Hundreds of dispensaries have opened in Los Angeles, and city officials can do little to close them without a law.

But council President Eric Garcetti, who delayed the vote until next week, said, "I think we really honed in on maybe even 99% of what's to be done. There is consensus on all the rest, so there will be an ordinance passed on Tuesday."

More than 50 people, mostly medical marijuana supporters, addressed the council.

Yamileth Bolanos, who operates PureLife Alternative Wellness Center on South La Cienega Boulevard, said she has been open for four years 139 feet from a school and has had no complaints. "It doesn't matter where you are, it's how you run your collective that matters," she said.

Michael Larsen, public safety director for the Eagle Rock Neighborhood Council, pressed for a 1,000-foot buffer.

"It's not about prohibition.

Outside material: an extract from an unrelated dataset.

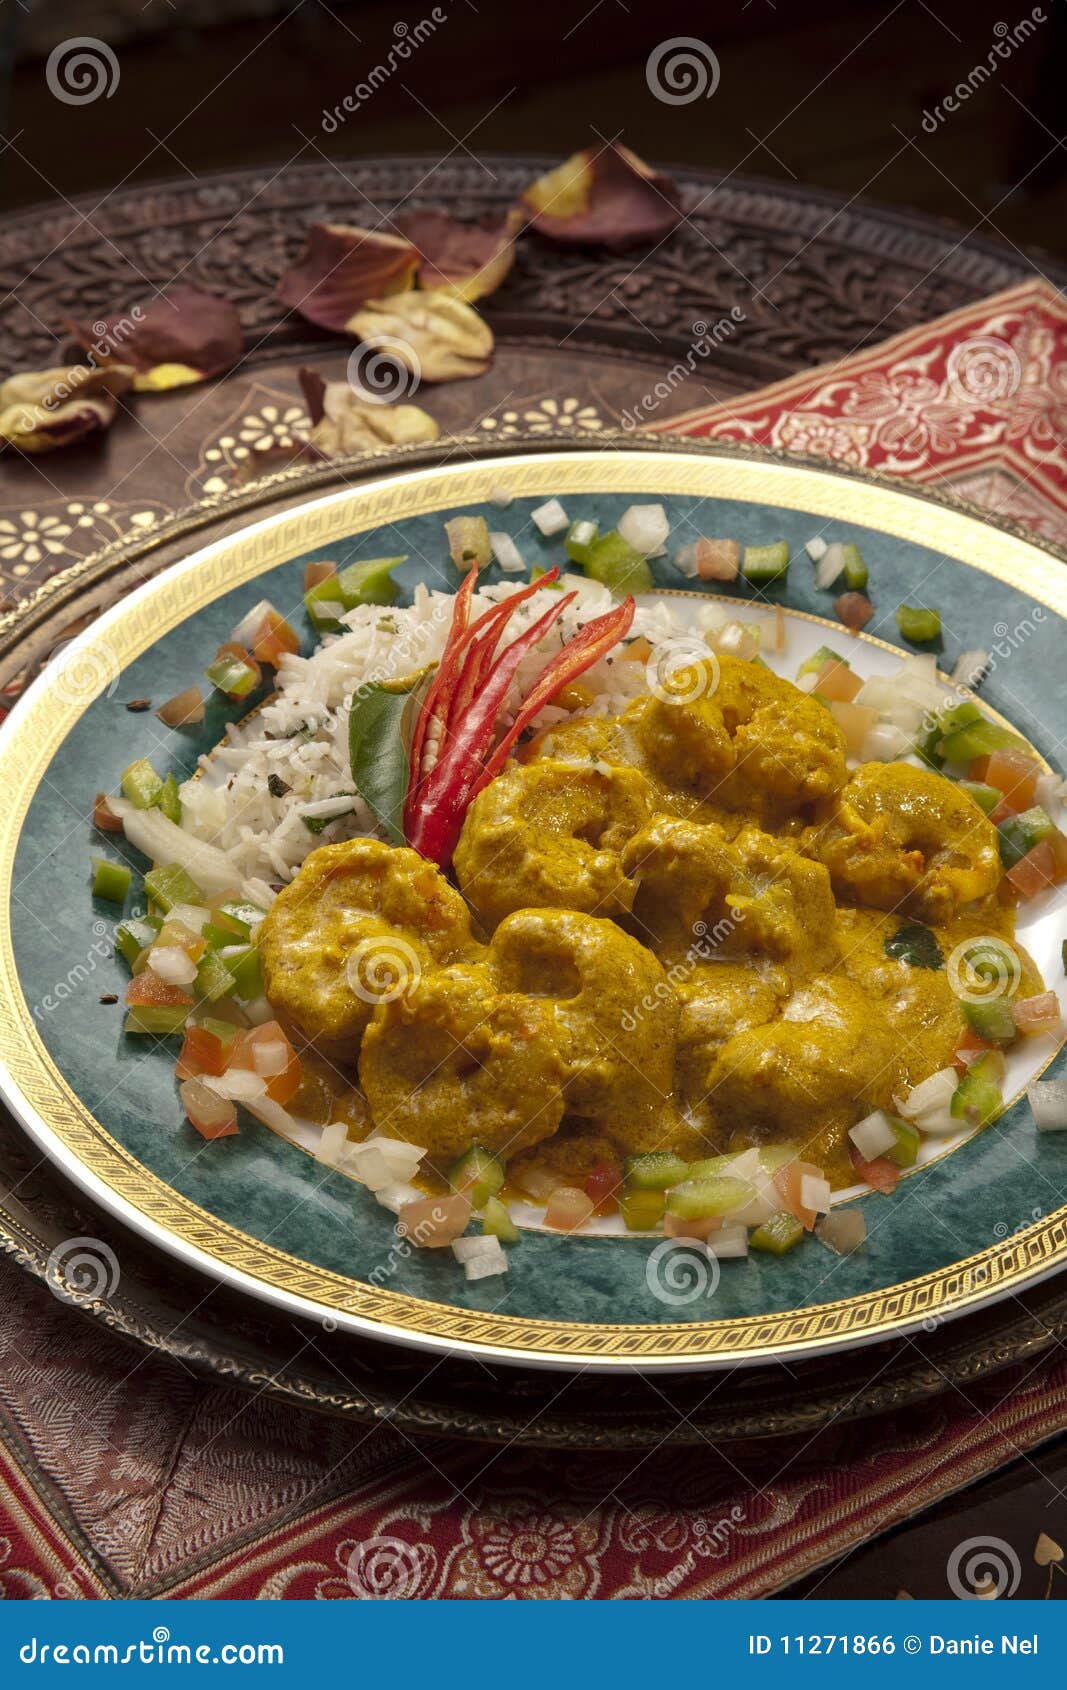 Indian chicken stew stock photo. Image of rice, table - 11271866

It's about taking control of an out-of-control land-use situation which has made L.A. the laughingstock of the nation," he said.

The ordinance caps the number of dispensaries at 70, but allows about 137 dispensaries that registered in 2007 and are still open in their original locations to stay in business. On Wednesday, the council also agreed to include registered dispensaries that moved after their landlords were threatened with felony prosecution by the Drug Enforcement Administration.

"That was a big thing," said Tarek Tabsh, who owns Gourmet Green Room in Venice and pressed for the exception. He said he was forced to move from North Hollywood.

The change sparked concerns from Larsen and Huizar, who wanted to know how many more dispensaries it would allow. City officials said they think it will be only a few.